Ever heard someone say I’m going to make loads of money so I can give charity? Or, I want to change the world and the fame that will come from it is only a byproduct? 

Ego. It’s so sneaky. It creeps into our work, our relationships. And most of the time, it messes things up. Rabbi Moshe Shapiro said it like this: Greatness doesn’t mean that you have to do great things, it means that you care that great things are done! It’s such a subtle, yet important distinction. 

And so it makes good sense, every now and then, to really stop ourselves and ask: why am I doing what I’m doing? And when this tendency creeps into the spiritual experience — it’s even more dangerous. And creepy. Why? 
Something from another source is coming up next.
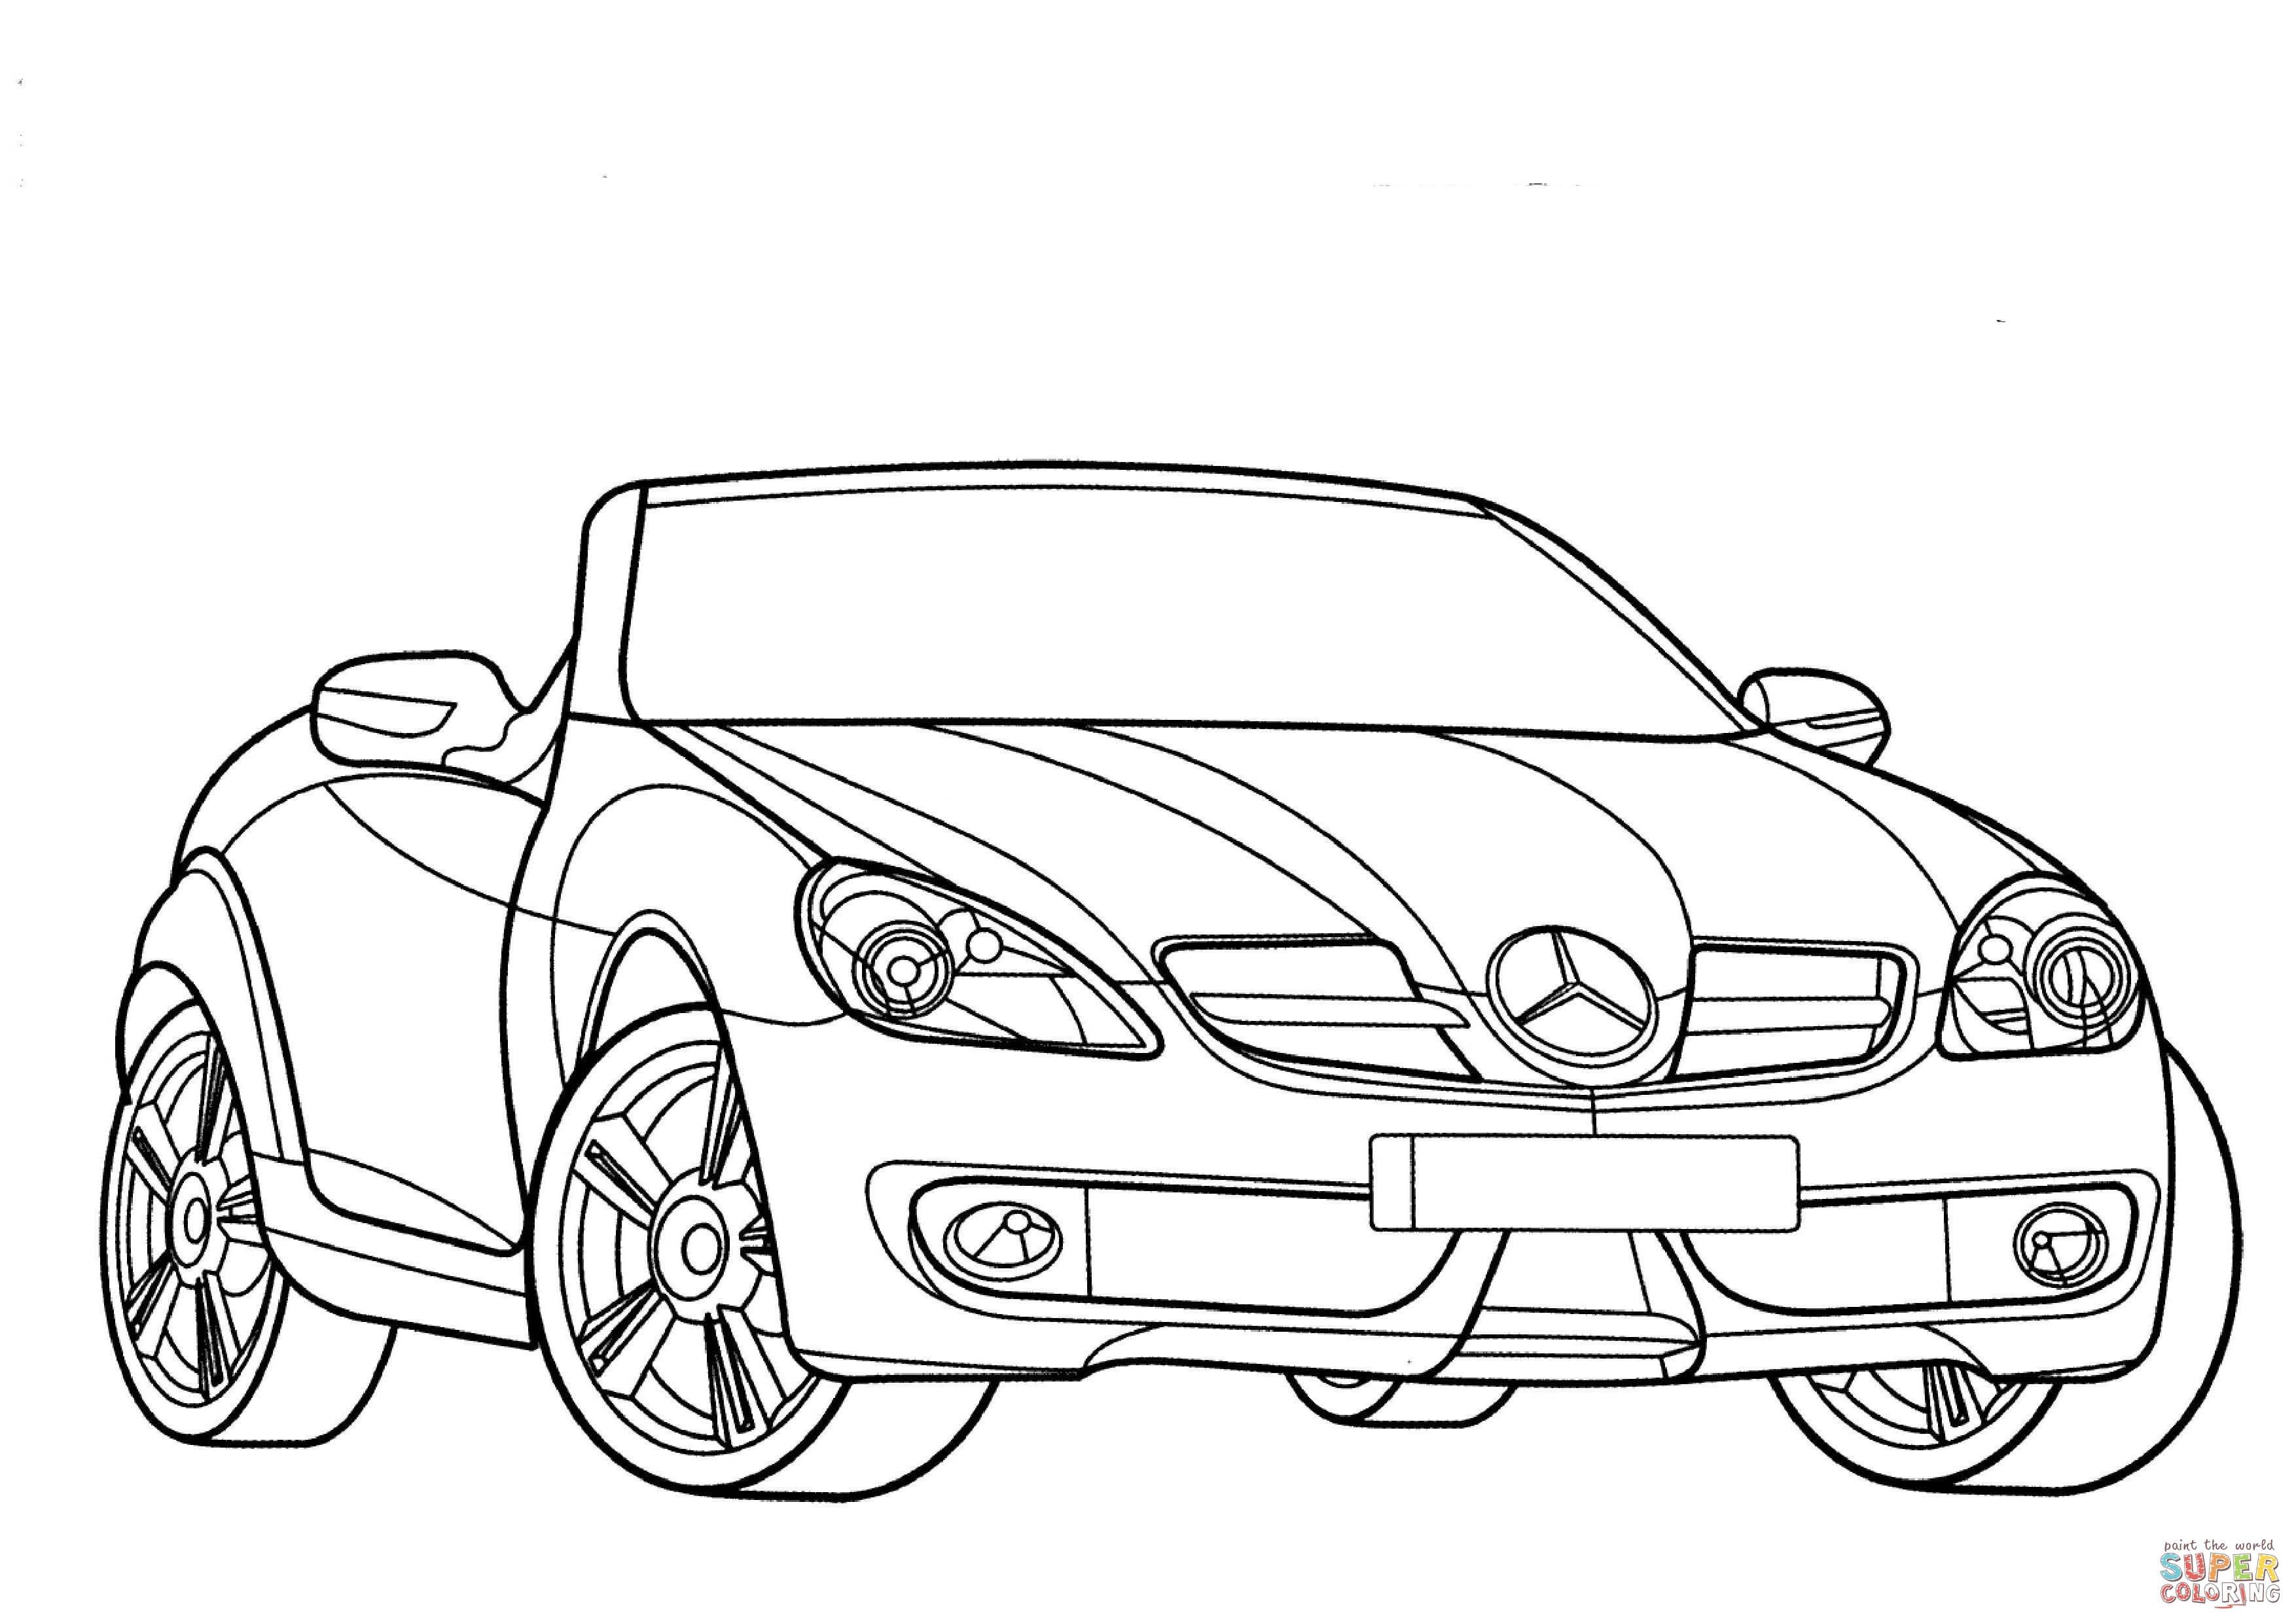 Mercedes Benz Slk Klass M Larbok

Because spirituality, at the end of the day, is refuge from the ego. A chance to show and to feel that it’s not all about me. It’s sublimating the self to something bigger, something higher — recognizing that ultimately that’s where our fulfillment lies.

Rabbi Shlomo Wolbe, a 20th-century rabbi born in Berlin, points out that the Hebrew word for idol is “alil,” which comes from al eil, which means “nothing above.” 

To say no to idol worship, as we are commanded in this Second Commandment, is more than not prostrating yourself before a figure of wood or stone. It’s about not putting anything before or above God. Including your self—your own motives and biases. It opens us up a whole universe of connection and fulfillment and even transcendence — if only we are able to get out of our own way.